Когда народ немного успокоился, критиканы – а такие находятся всегда и везде – сказали, что этому уличному алтарю все же кое-чего не хватает: не возвышается над всеми этими живыми тварями чистая христианская душа!

– Ваша правда, старики! – вскричал братец. – И я приглашаю всех матерей подвести детишек к алтарю нашей родины: пусть они коснутся его! А над этими поросшими зеленой травою ступенями должна еще возвышаться фигура ангела, возносящего к небесам моление о бедняках – точь-в-точь как на алтарях в праздник Тела Господня[22 - Праздник Тела Господня – католический церковный праздник, учрежденный в 1264 г. папой Урбаном IV. Празднуется в первый четверг после Троицына дня и отмечается торжественными процессиями.]. Сейчас я выберу для вас ангела, а если мой выбор придется вам не по вкусу, вы скажете почему.

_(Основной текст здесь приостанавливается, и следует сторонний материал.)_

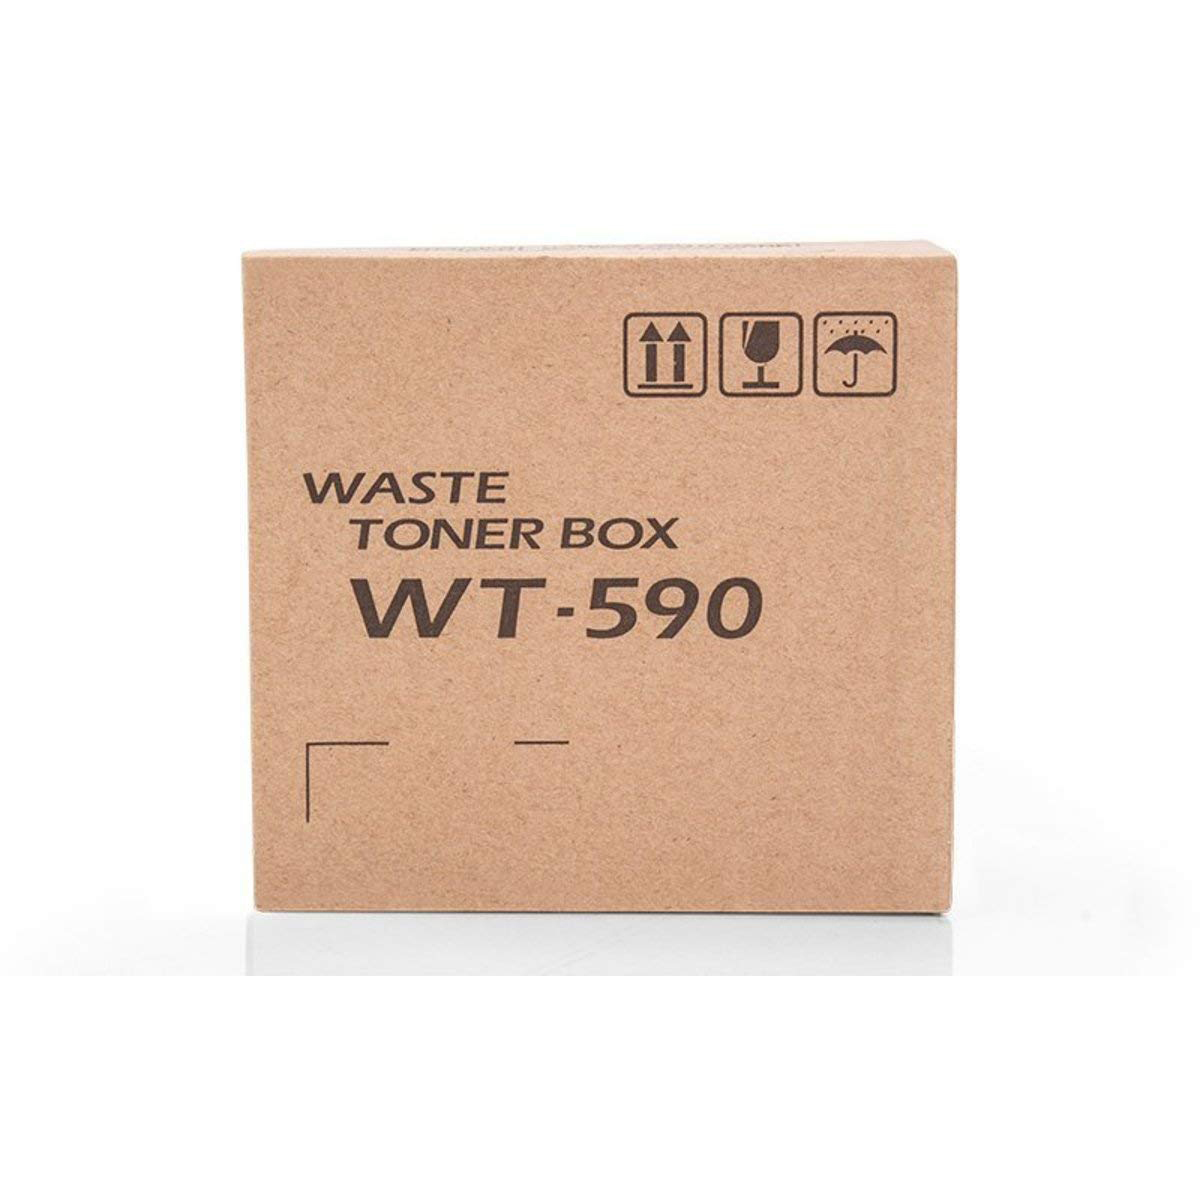 Original Kyocera WT-590 Waste Toner Box (302KV93110)

И тут он взял меня за руку и, подталкивая, потому что я упиралась, заставил опуститься на колени у самого креста из колосьев, на верхней ступени алтаря. Все страшно изумились, хотя и без тени досады: против меня никто ничего не имел, но крестьянин любит, чтобы ему все объяснили. Братец заговорил, будто проповедь произносил, это тоже всех очень изумило, ибо братец не был красноречив и обычно, выразив несколькими словами все, что хотел сказать, не добавлял более ни слова, не заботясь о том, внимательно его слушали или нет. Но на этот раз он, должно быть, захотел непременно убедить всех в своей правоте, потому что говорил много и среди прочего сказал и такие слова:

– Друзья мои, вместе с вами я вопрошаю себя: какие чувства в душе христианина более всего угодны Богу? И я полагаю, что это – мужество, кротость, почитание родителей и добросердечие. Девочка, которую я выбрал, – самая бедная в вашем приходе, но она никогда ничего ни у кого не просила. Ей нет и четырнадцати, а она работает как взрослая. Она ухаживала за своим дедушкой и оплакивала его смерть с нежностью, далеко превосходящей ее возраст; но это еще не все, она обладает дарами, которые тоже угодны Богу, если их употребить на добрее дело. Она очень умна и хорошо и быстро выучивается всему, чему ей удается учиться. То, что она знает, она не хранит для себя одной, она спешит поделиться и с другими. Она учит всех подряд, не выбирая тех, кто может ее отблагодарить, она заботится о самых бедных так же, как и о самых богатых. Если вы ободрите ее и поддержите в труде, то через год многие из ваших детей научатся читать, а это будет для вас великое благо, ибо в ваших делах вам больше всего мешает то, что вы не в состоянии разобраться в бумагах и вынуждены ставить под ними крест вместо подписи, и потому вы питаете к ним недоверие, которое часто заставляет вас упускать счастливый случай.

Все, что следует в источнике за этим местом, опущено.